事前には本当に客が入るのかなどと不安視されていた今回の Kendrick 。前回出演の2013年のフジには自分は行けなかったのですが、ホワイトステージはやや寂しい客入りだったと聞きます。しかしそれから瞬く間に全世界をノックアウトしヒップホップゲームの頂点に君臨した彼を絶好のタイミングで見ることができる、ということでグリーンステージはほぼ満杯となっていました。

内容は昨年から続いている「THE DAMN. TOUR」の一環、終盤戦ということですでに出来上がった完成品を披露する形だったかと思います。Kendrick 扮する格闘家 Kung-Fu Kenny が修行のために世界中を旅しながら様々なハプニングに襲われるというアクション映画仕立ての映像が挟まれるコンセプチュアルな流れ。惜しみない特効やダンサー、ステージ両脇に配置したバックバンドによる重低音、そういった助力がありながらも、やはり第一にケンドリックの存在感が圧倒的でした。広いステージの中央に MC がたった一人。その堂々たる佇まい、一挙手一投足の洗練されたパフォーマンス、数万のオーディエンスを余裕綽々でアジテートするカリスマ性は、もはや同じ人間とは思えない規格外のオーラを発していました。オープナー「DNA.」で即座にこめかみに重い一発を食らった心地になり、「Backseat Freestyle」のダークな殺気に背中から痺れさせられ、「LOYALTY.」の甘美なムードで酔いが回り、終盤「Bitch, Don't Kill My Vibe」「Alright」「HUMBLE.」の代表曲畳み掛けに至っては何をかいわんや。

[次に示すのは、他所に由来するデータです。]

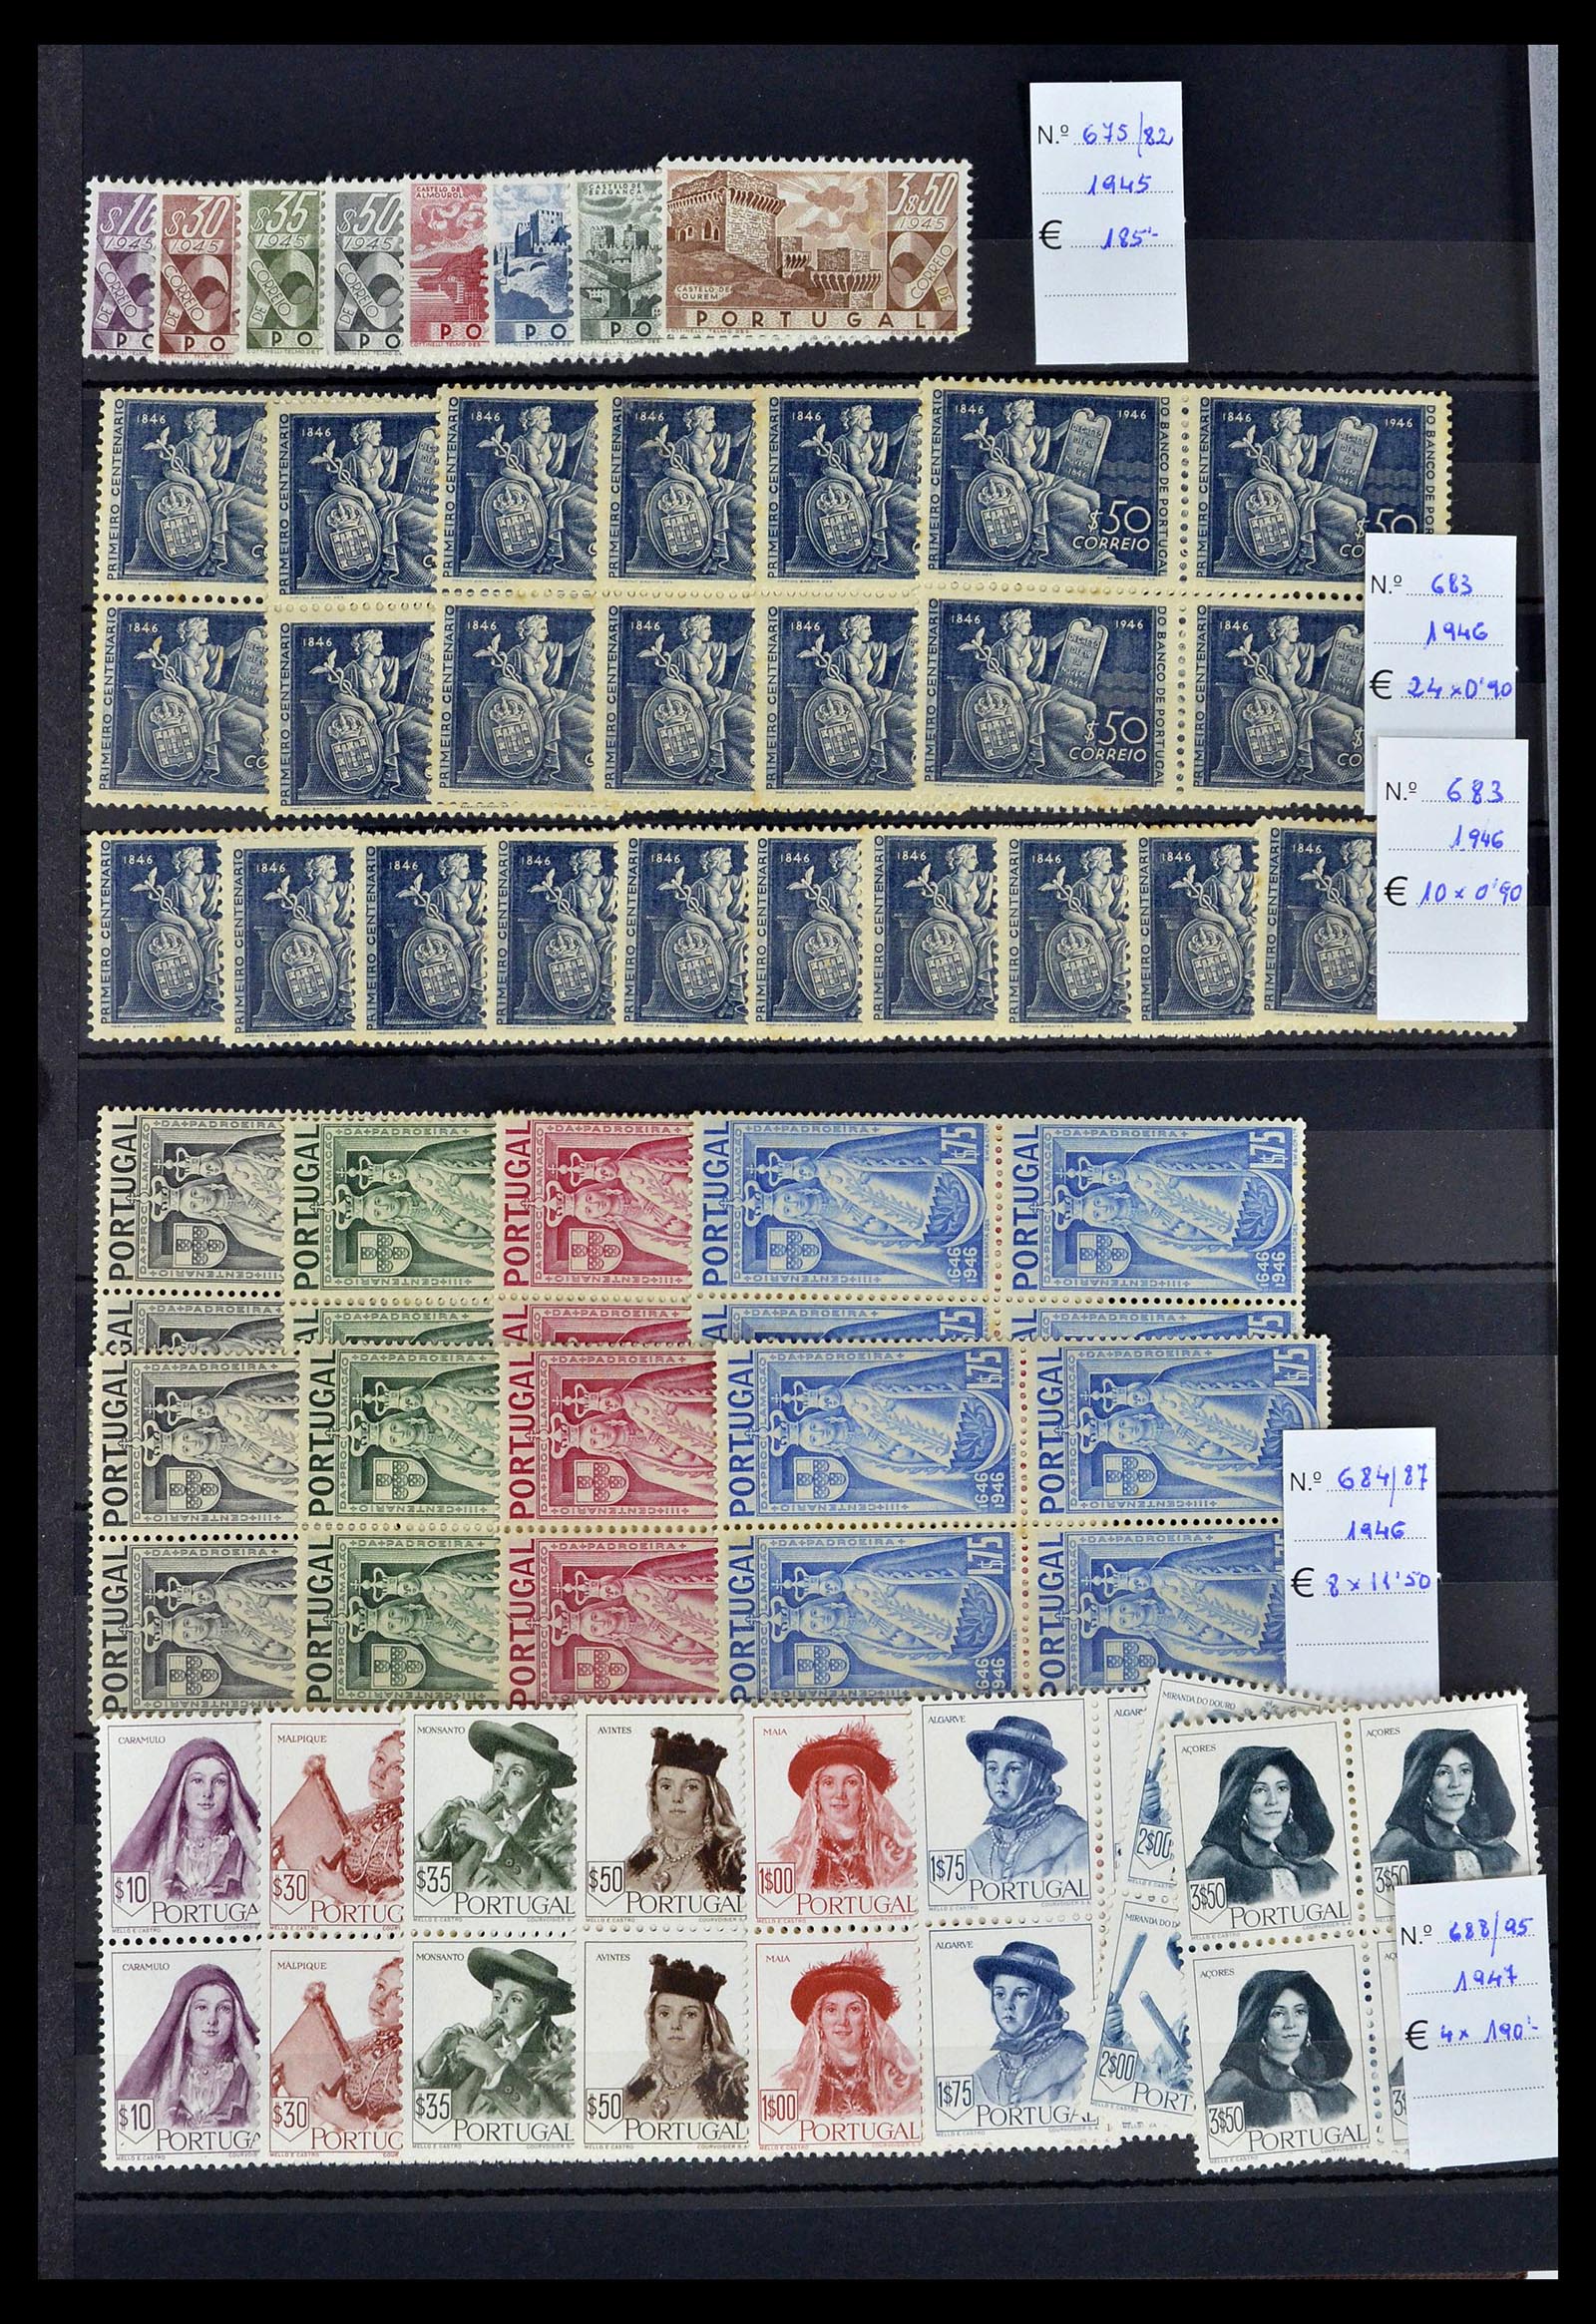 39236 0009 - Stamp collection 39236 European countries 40s-60s.
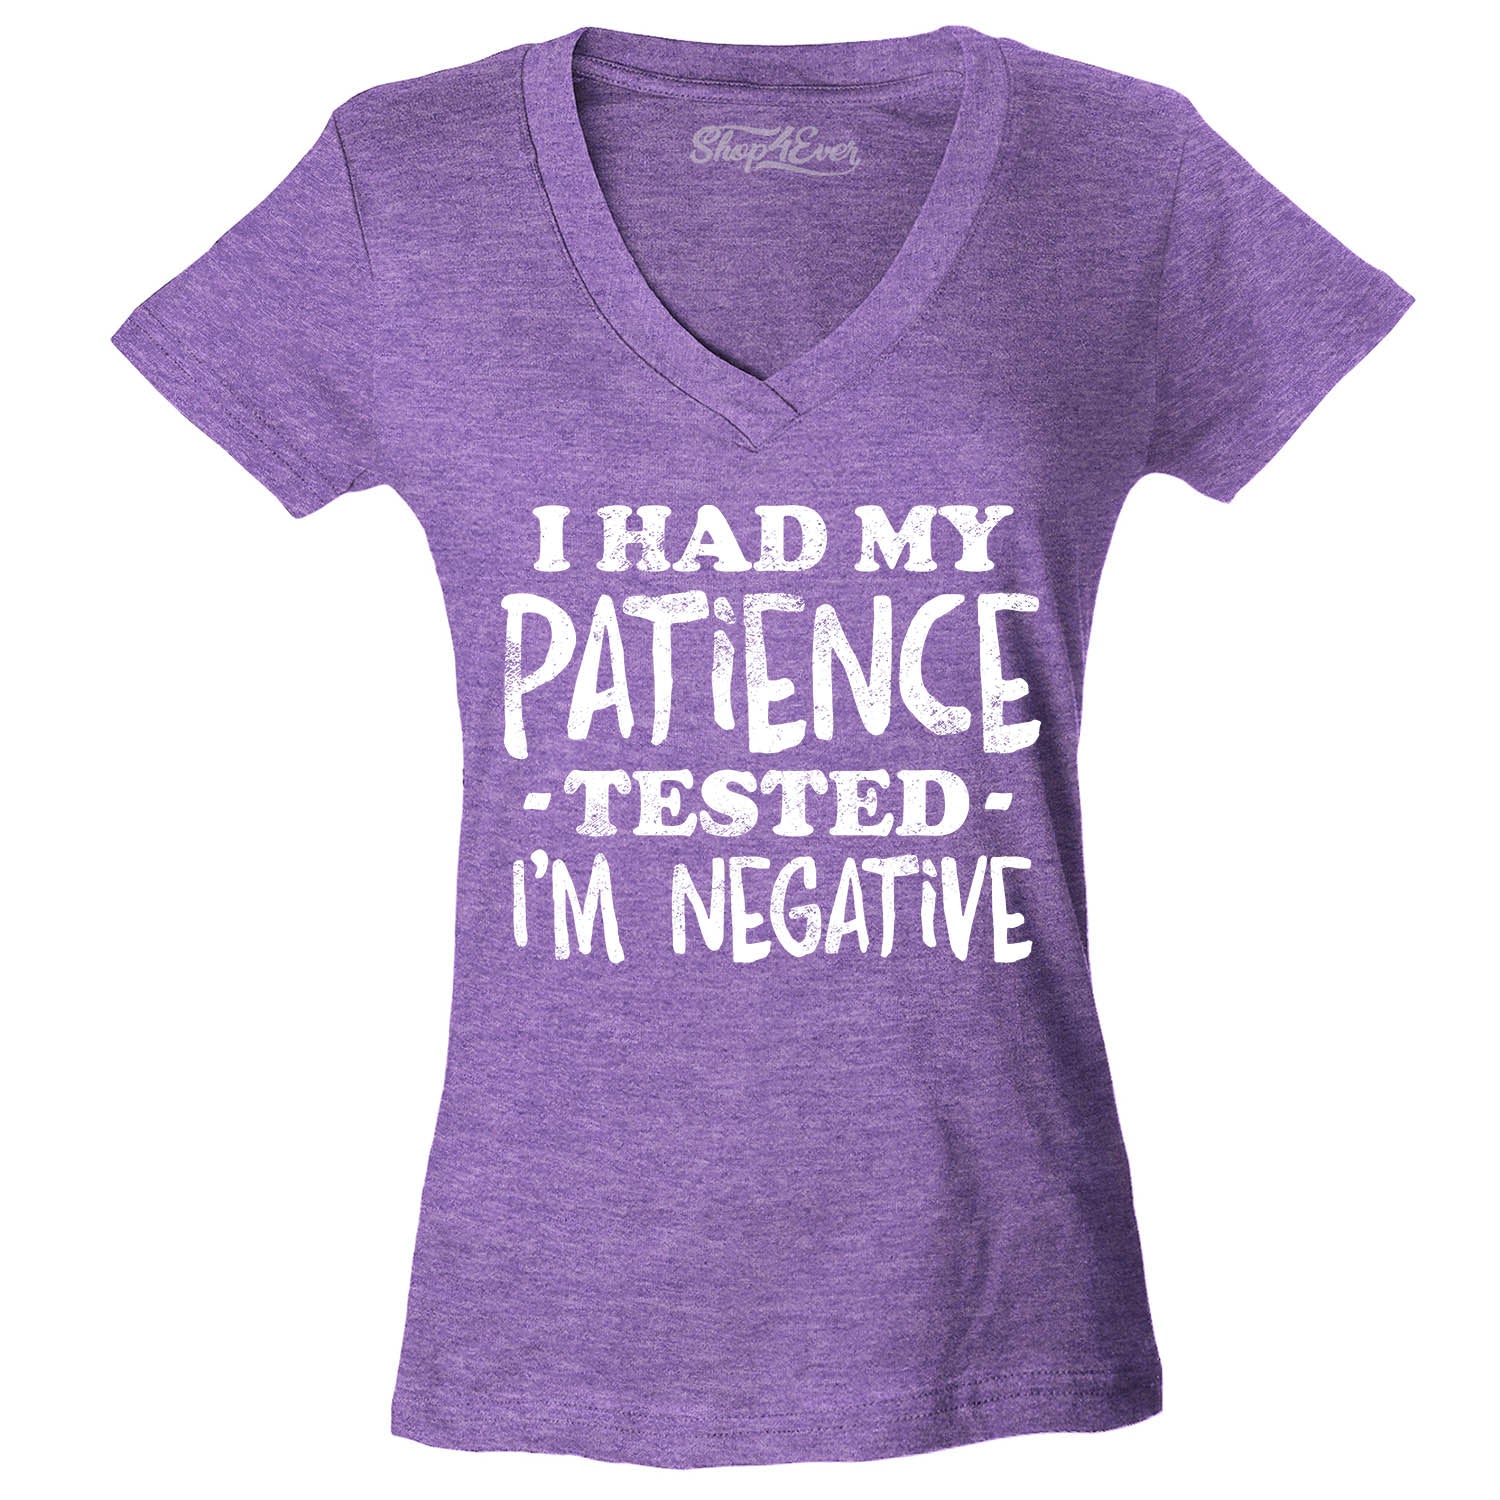 I Had My Patience Tested I'm Negative Women's V-Neck T-Shirt Slim Fit

もうこの本編の時点で十二分に満足していたのですが、アンコールで披露された「All the Stars」では観客に携帯などのライトを掲げさせ、グリーンステージ一面に星の海のような光景が広がり、ちょうど楽曲の世界観を綺麗に再現していたのには感動以外の言葉が無かった。この瞬間に立ち会えただけでも嵐の中で耐えた甲斐があったというもの。こんなビッグスターがアタマ張ってるんだからそりゃヒップホップが天下取るわという感じで、彼の魅力を直に感じ取れた貴重な一時でした。


ということで2日目のベストアクトは X JAPAN です。